Excerpted data:

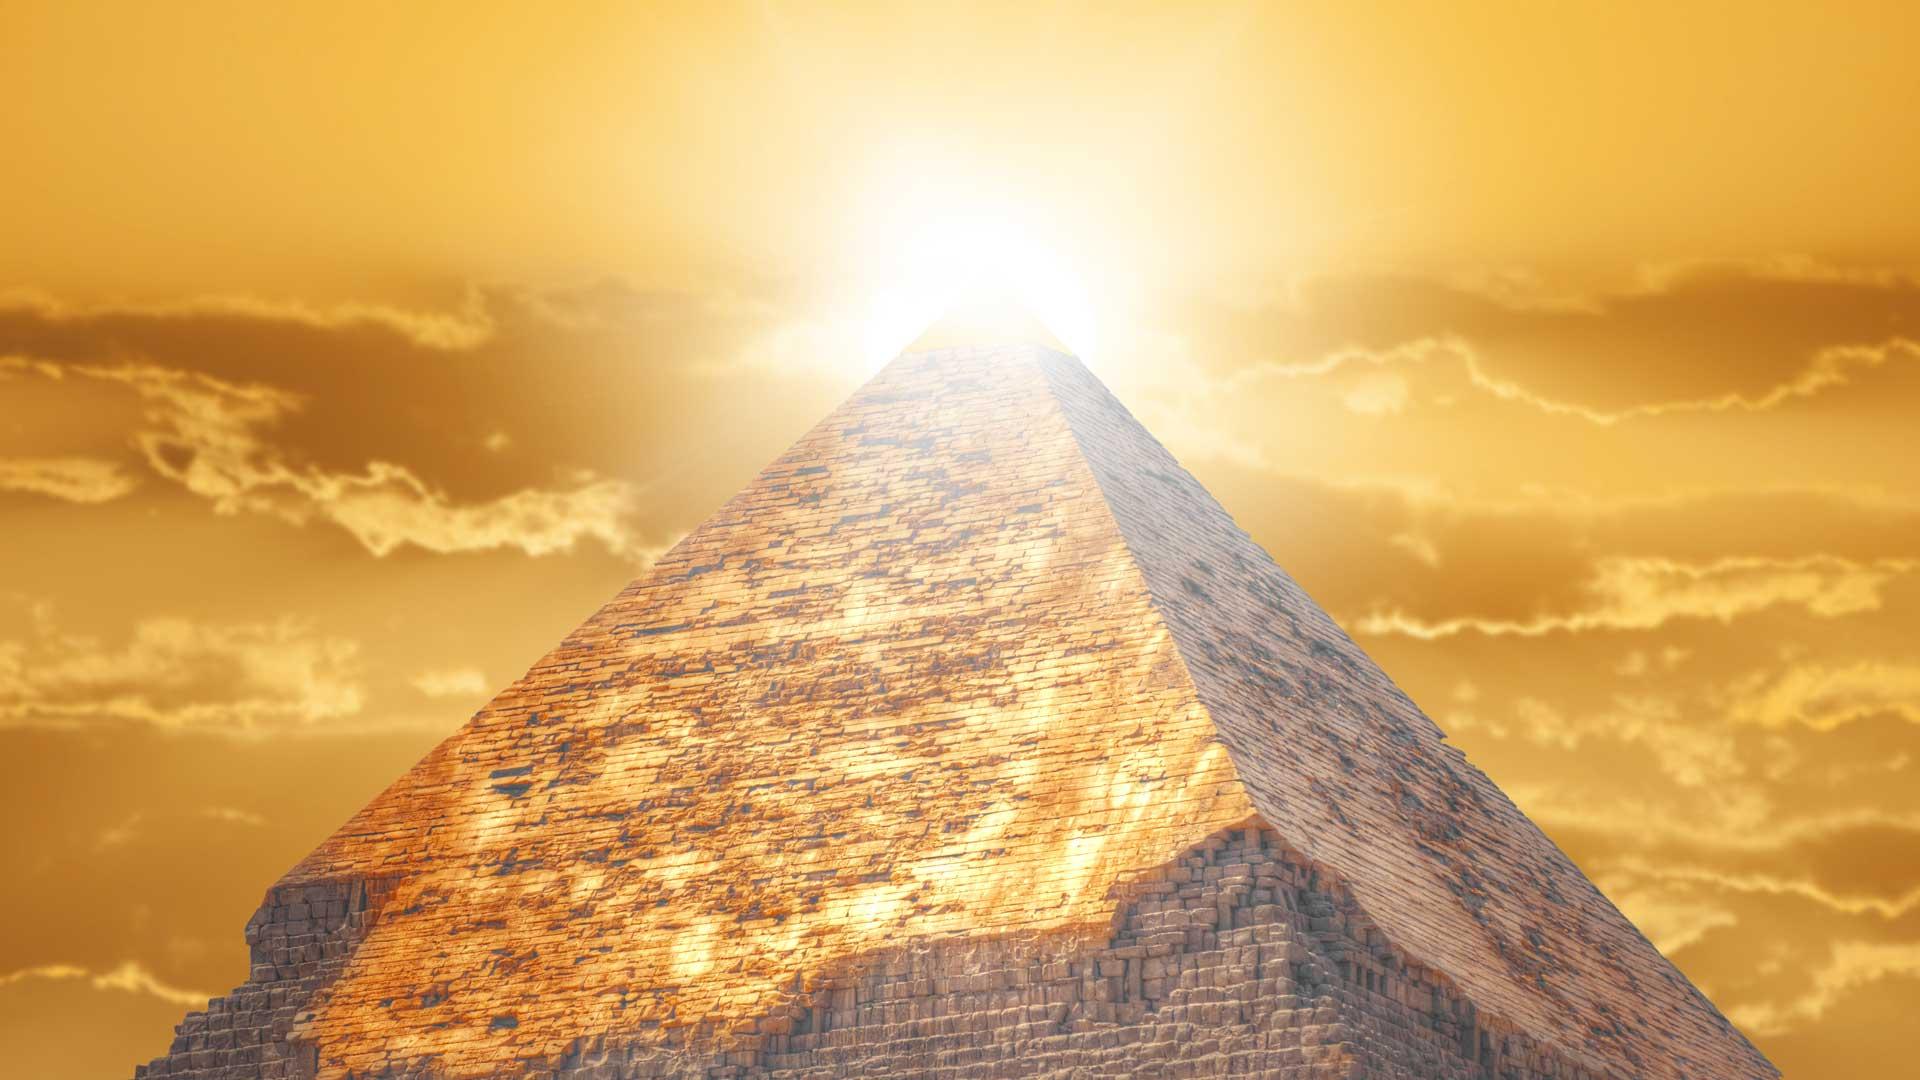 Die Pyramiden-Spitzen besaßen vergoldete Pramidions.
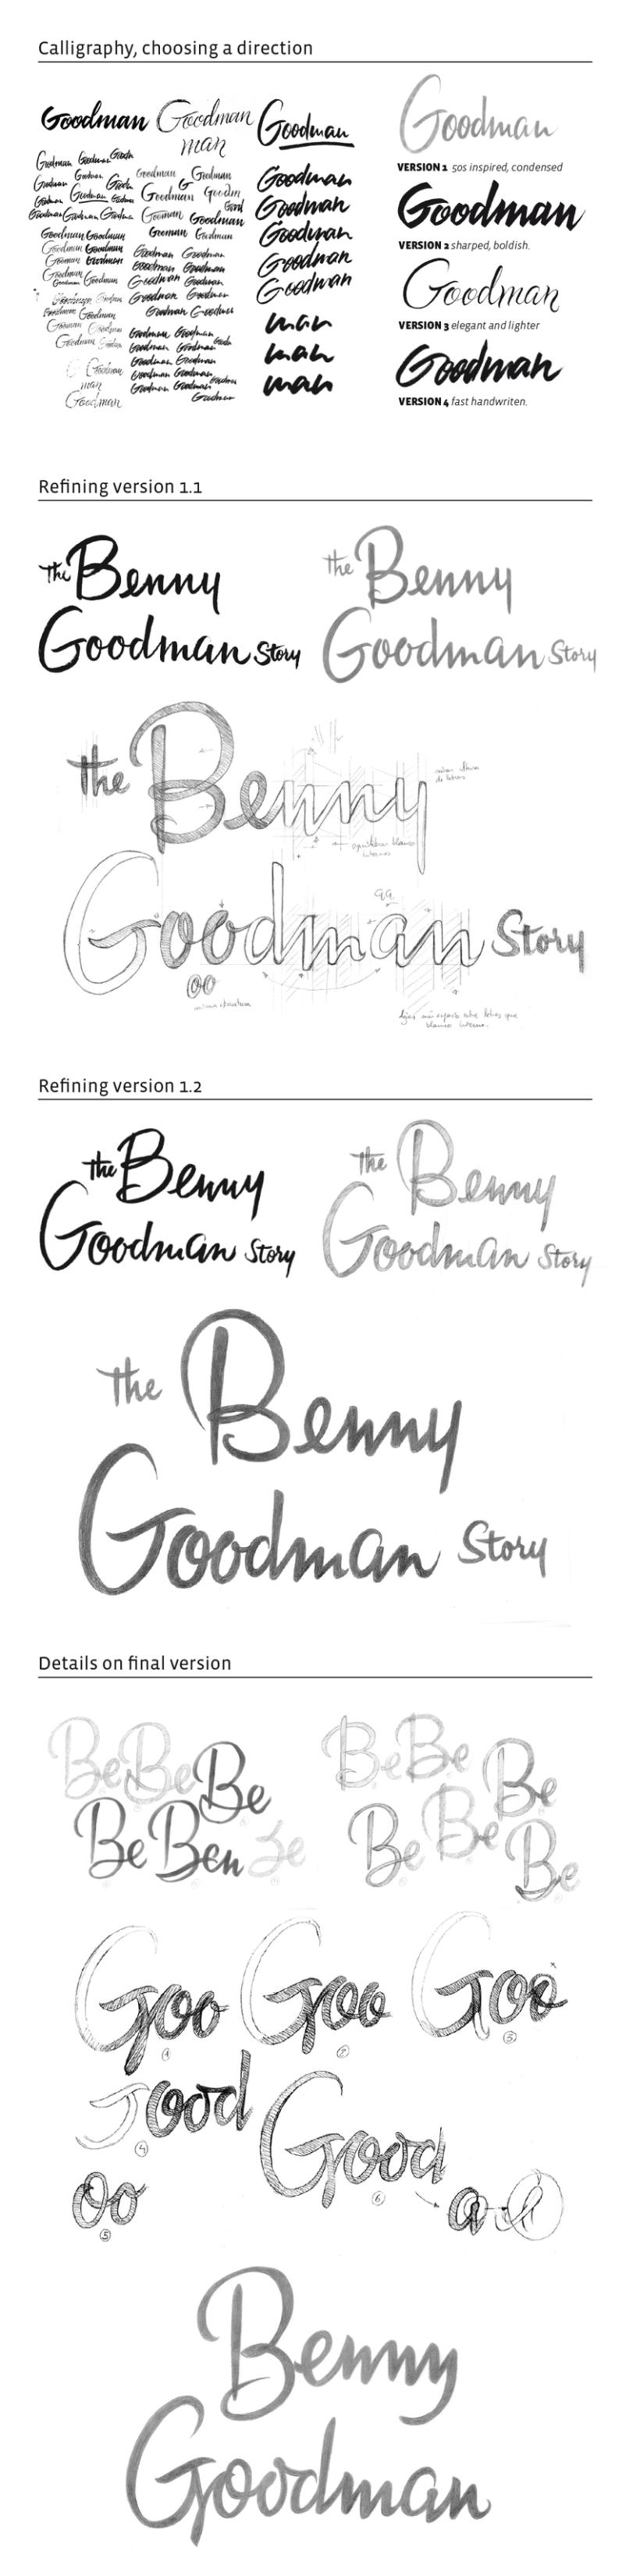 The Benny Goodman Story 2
==
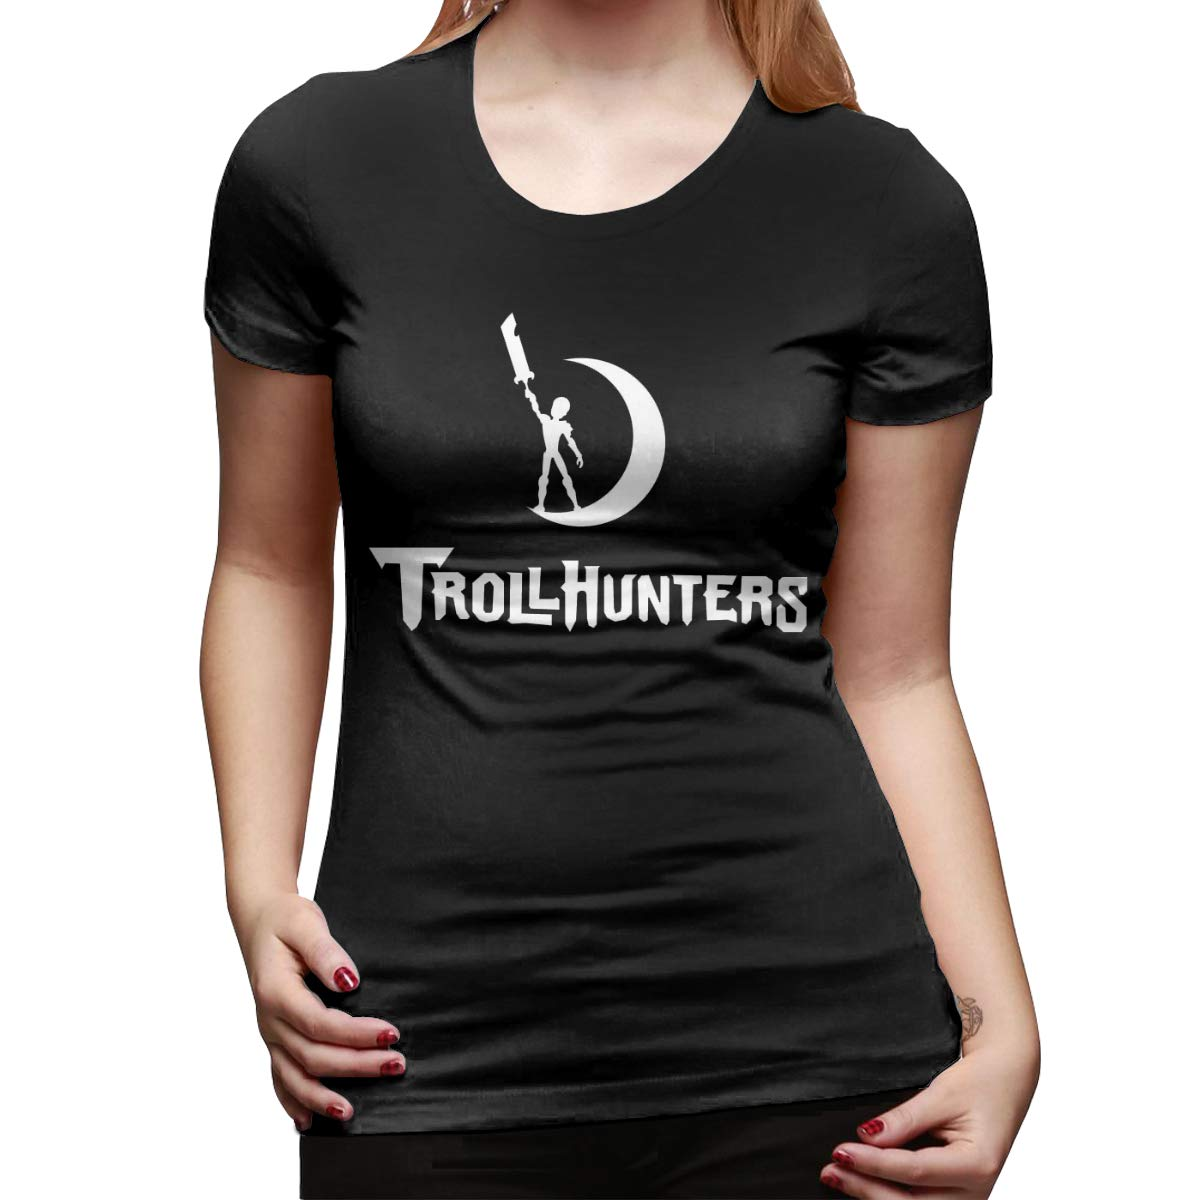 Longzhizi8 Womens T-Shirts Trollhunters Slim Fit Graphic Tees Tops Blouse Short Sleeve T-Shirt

Requirement: Would you restate, exactly and with no pictures, the lines of the entries above from the one containing "Die Pyramiden-Spitzen besaßen" through the one containing "The Benny Goodman Story 2"?

Output of the task:
 Die Pyramiden-Spitzen besaßen vergoldete Pramidions.
 The Benny Goodman Story 2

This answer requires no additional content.